We also had  found new heros like Jerome Bruner, and Seymour Pappert, (Mindstorms) a constructivist.  And low and behold, personal computers came on the scene and we began logo training in our elementary and middle schools.  Turtle graphics was the rage and constructivism had found a learning platform!  But that was just the beginning.

In the last forty five years I have seen the emergence of “new” learning theories and the accompanying debates about the efficacy of each. A reasonable grouping  of the major theories is; Behaviorism, Cognitivism, Constructivism, Social Constructivism and Connectivism.

Why talk about Learning Theory?  How does Learning Theory relate to learning design?

Instructional design and development must be based upon some theory of learning and/or cognition; effective design is possible only if the developer has developed reflexive awareness of the theoretical basis underlying the design.

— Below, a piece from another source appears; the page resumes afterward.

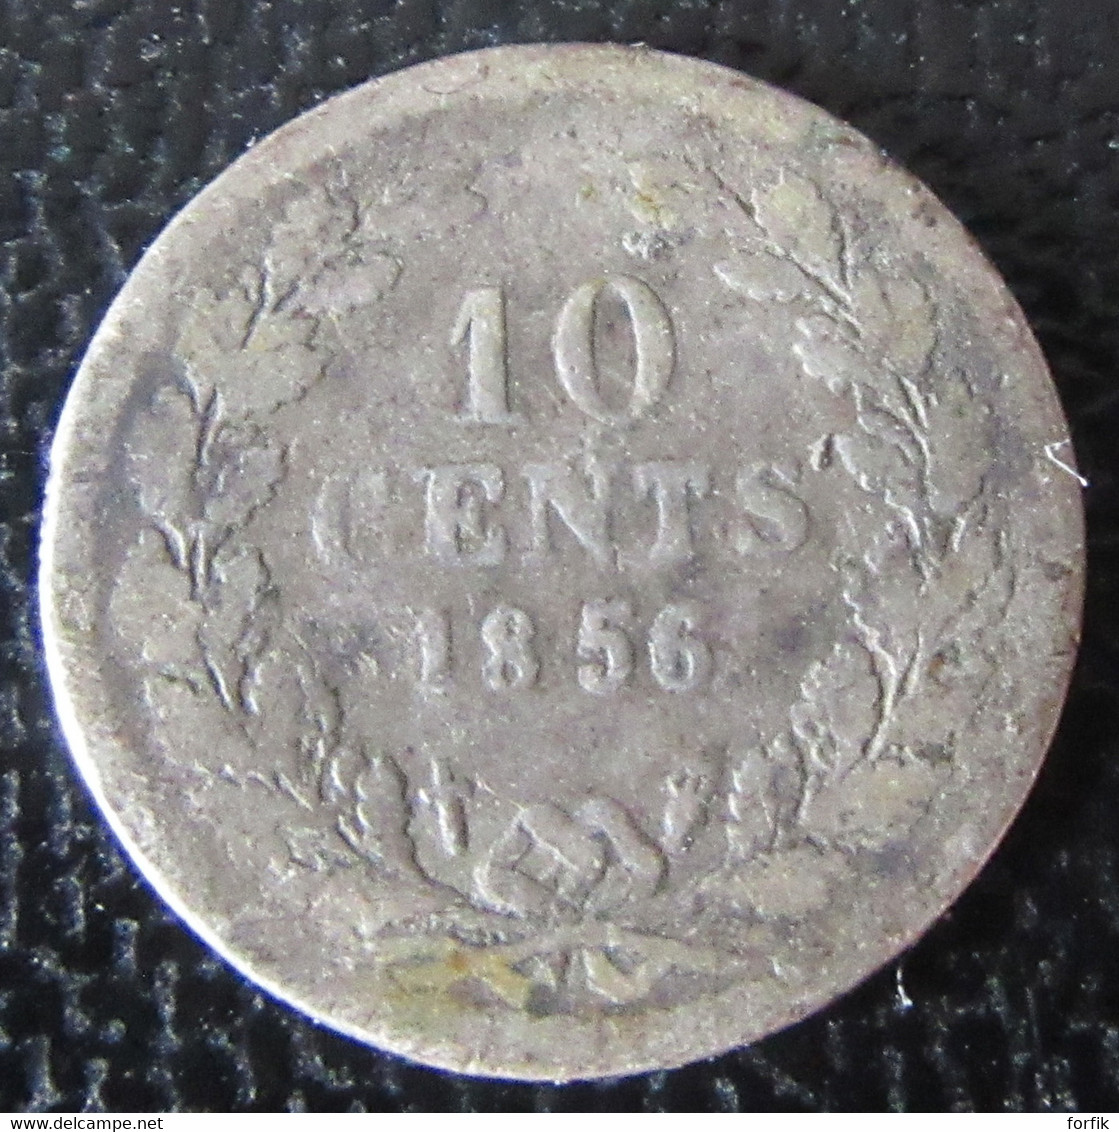 Pays-Bas / Nederland - Monnaie 10 Cents Willem III 1856 En Argent - 1849-1890 : Willem III

In other words, the instructional design that we espouse is best delivered if what we do is willful and deliberate and flows from a knowledge of the tenets of these major learning theories.   It is sometimes called “Reflective Practice“. It is important to note that underlying each of these theories is a belief as to how we learn; the nature of the learner.

In future posts, we will look at the tug of war between cognitivists, constructivists and behavioralists. We will also address the question of each theories efficay, whether one can espouse more than one theory at a time, and if any pairs are mutually exclusive.  What do you think?  Is knowledge of learning theories a necessary but not sufficient condition in the kind of transformation in teaching and learning we are examining?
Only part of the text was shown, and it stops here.